There is so much written today about vision. But for Friedman, vision is not a cerebral exercise. The ability to see things that don’t exist now generally is an emotional phenomenon. It requires you to be emotionally free enough to not conform to existing patterns of knowing and relating and breaking free of others’ expectations. It is knowing where you as a leader begin and end and knowing the same with everyone else in your life. This is emotional, not cognitive! Very few leaders have the emotional resilience to get outside of their current climate.

2. A willingness to be exposed and vulnerable.

As long as a leader is afraid of criticism or failing in front of others they will never be able to lead others out a state of anxiety. When a leader must take total responsibility for their own response to their environment they are very exposed. There must not be a fear of standing where no one else will stand with them; this is where true leadership begins. So many leaders will lead until they are left exposed and alone, and then they have a failure of nerve.

3. Persistence in the face of resistance and downright rejection.

To lead in a new direction (out of the state of anxious culture) requires the kind of drive and motivation that appears to others to be out of balance. In this usage, “balance” is an epithet for the unwillingness to take the risk of stopping the emotional entropy that keeps the culture slipping into the quicksand of anxiety.

As Friedman states

…no one has gone from slavery to freedom with the slaveholders cheering them on, nor contributed significantly to the evolution of our species by working a 40-hour week, nor achieved any significant accomplishment by taking refuge in cynicism.” The resistance not only comes from the outside, it often comes from inside the leader as thoughts like “How can you have it right and everyone else be crazy?

4. Stamina in the face of sabotage along the way.

The key here is that there will be saboteurs who seek to undermine the efforts of the leader. Most leaders are aware and prepared for this. However, often this becomes an impediment when those who start out on the same team with the same passion and ownership of the vision as the leader eventually lose their nerve and mutiny. For every 10 leaders that can handle sabotage from enemies, only one will survive the sabotage of a friend or teammate without experiencing a failure of nerve.

5. Being headstrong and ruthless at least in the eyes of others.

Each of the explorers in the new world did not allow their relationships get in the way of the vision to which they were consumed. Friedman points out that these leaders did not manipulate or use others, but they were very clear in the priority in vision over relationship. In other words, when forced to choose between maintaining a relationship or completing the vision, each explorer stayed with his or her goals.
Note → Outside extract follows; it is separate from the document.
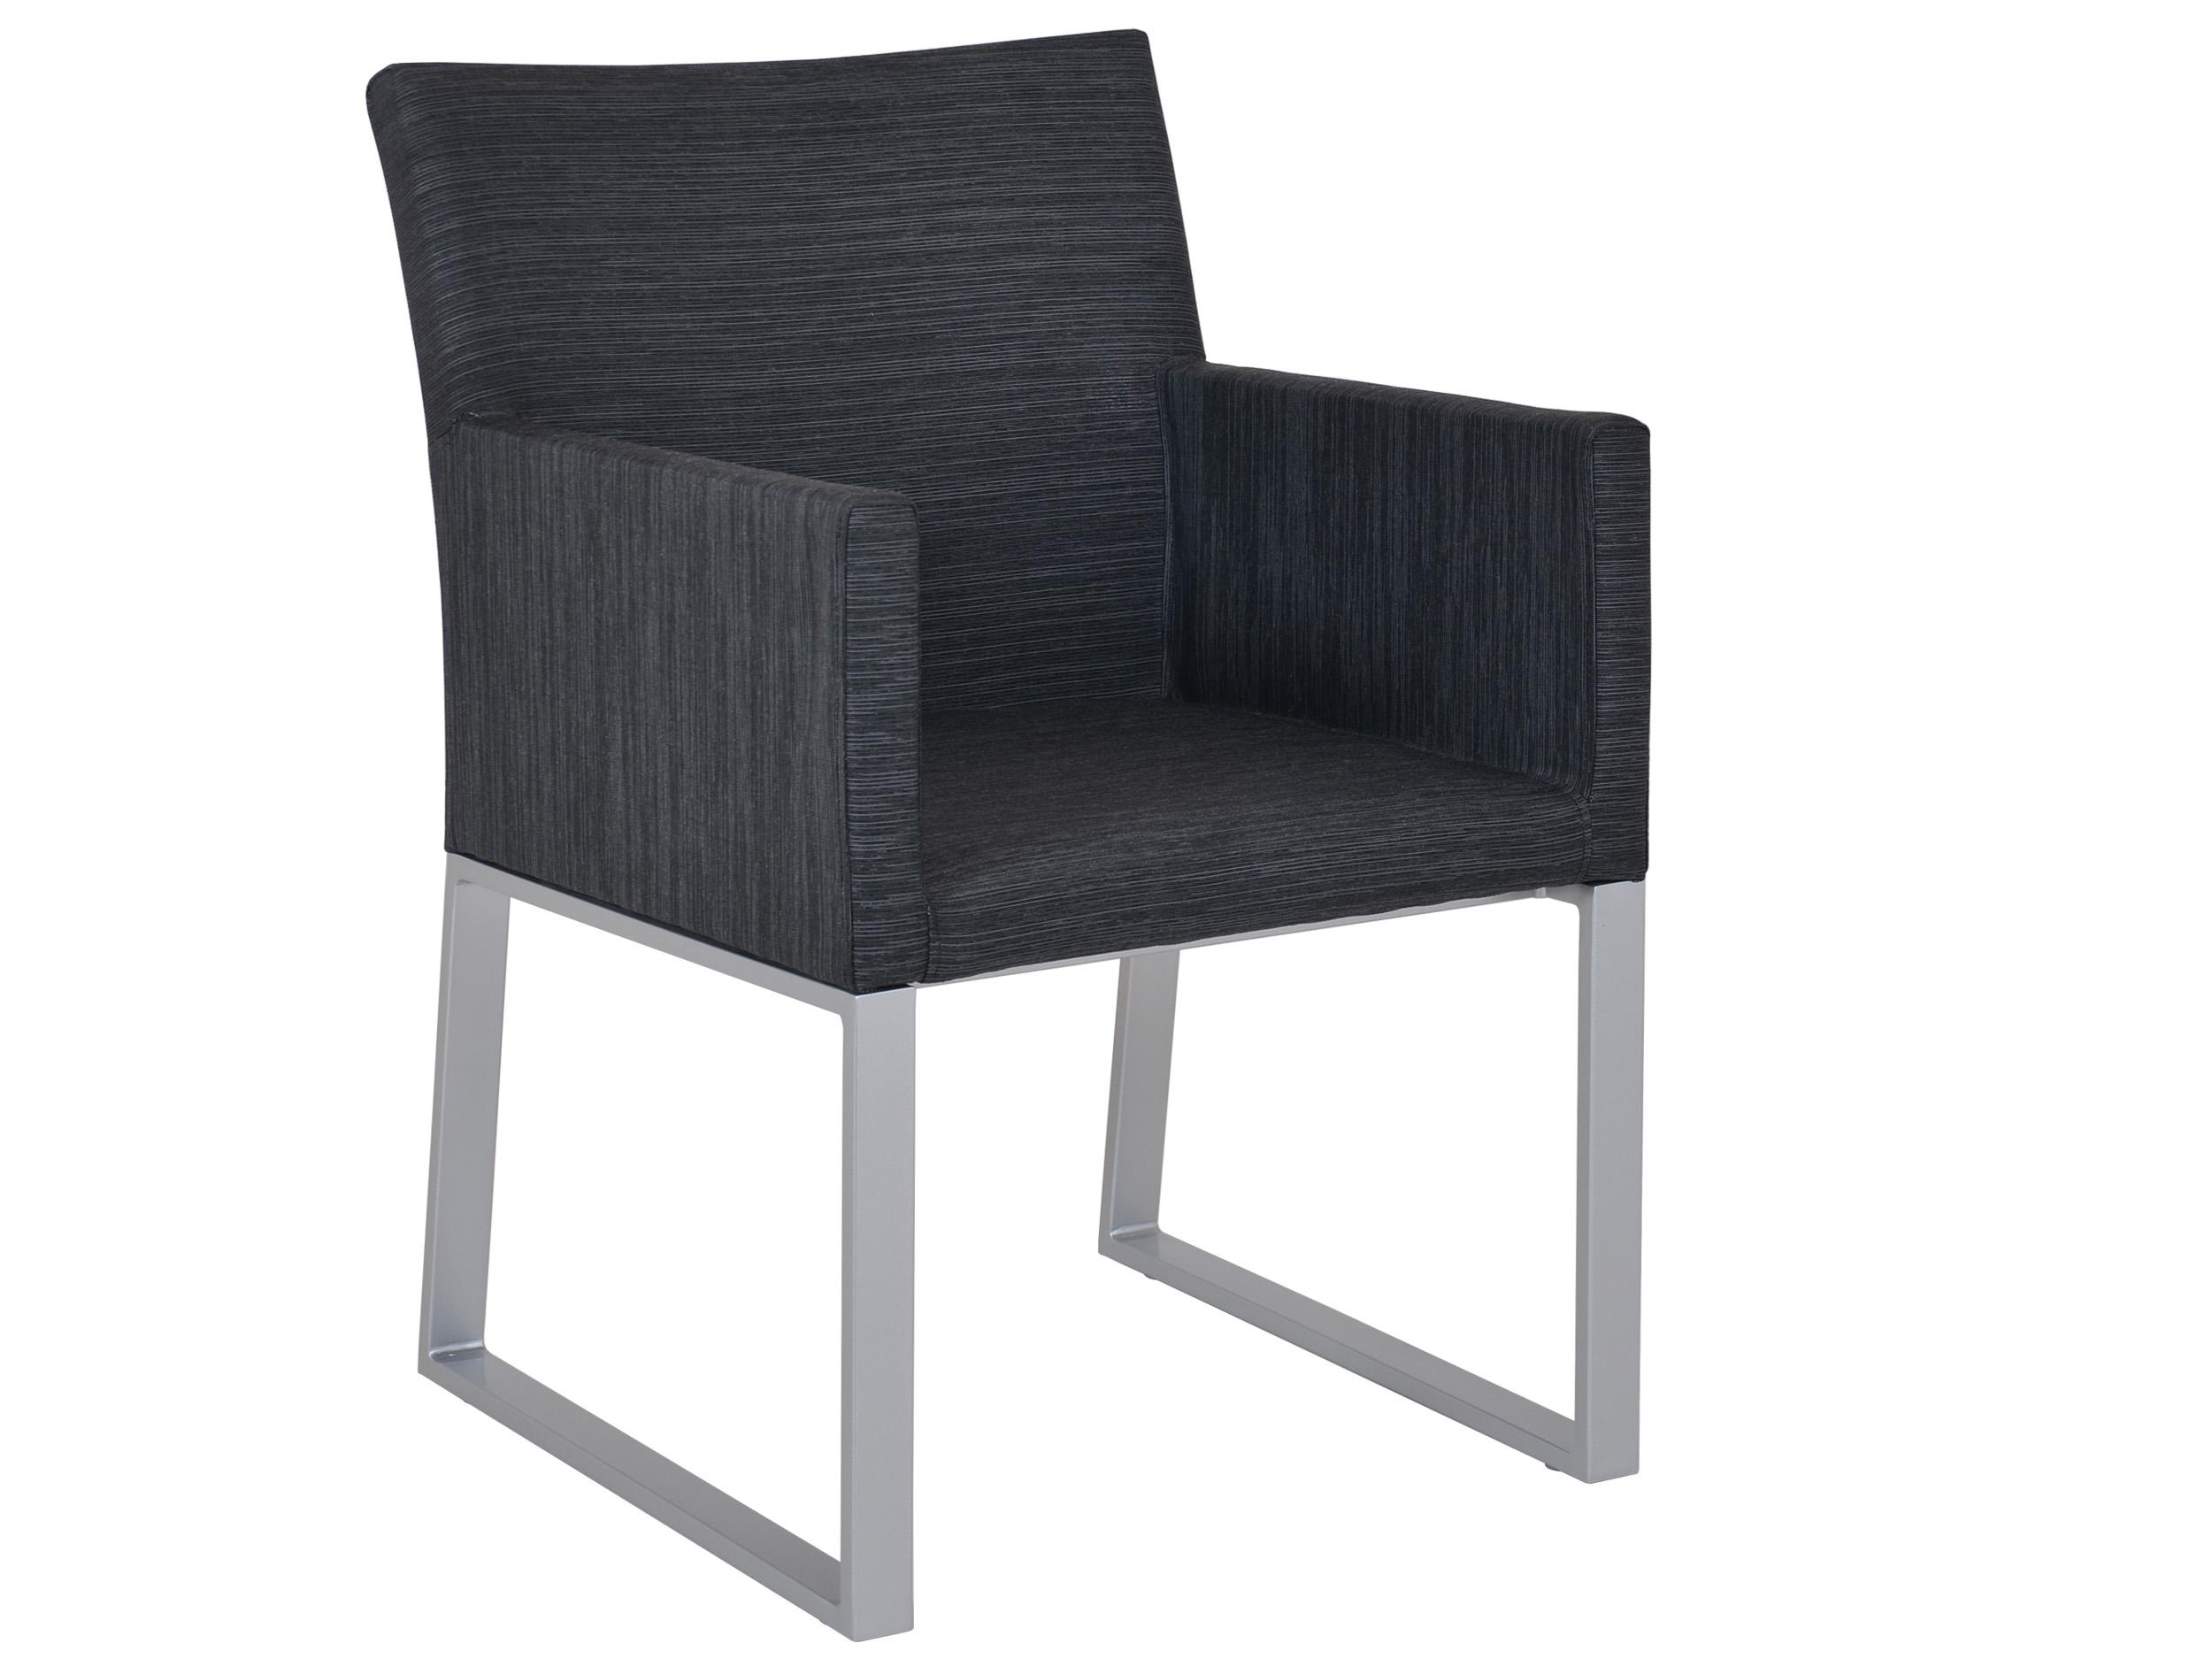 inspiration gartenstuhl metall pulverbeschichtet konzept garten design ideen. Black Bedroom Furniture Sets. Home Design Ideas

They didn’t rationalize not accomplishing their goals for the sake of “team-building” or “not leaving anyone behind.”

Friedman gives an example from the life of Columbus, which personifies all five of these qualities. On the way to the Canaries, the Pinta’s rudder broke and the crew struggled to fix it. After waiting several days, Columbus felt that this whole incident was an attempt to sabotage his efforts. He sensed his colleagues’ will waning. He finally signaled that he was going on to the Canaries by himself and would wait for them there. He was prepared to go on alone, yet two days later, the Pinta arrived. Columbus was so focused on his goal that whether or not the ships could make a return trip was an afterthought. The objective was reaching his destination, no matter what.

Leadership is never easy and it is never finished. It is like a muscle that requires continual exercise to remain strong. My hope is to see more leaders who are willing to develop, maintain, and use this kind of strength to improve themselves and their organizations.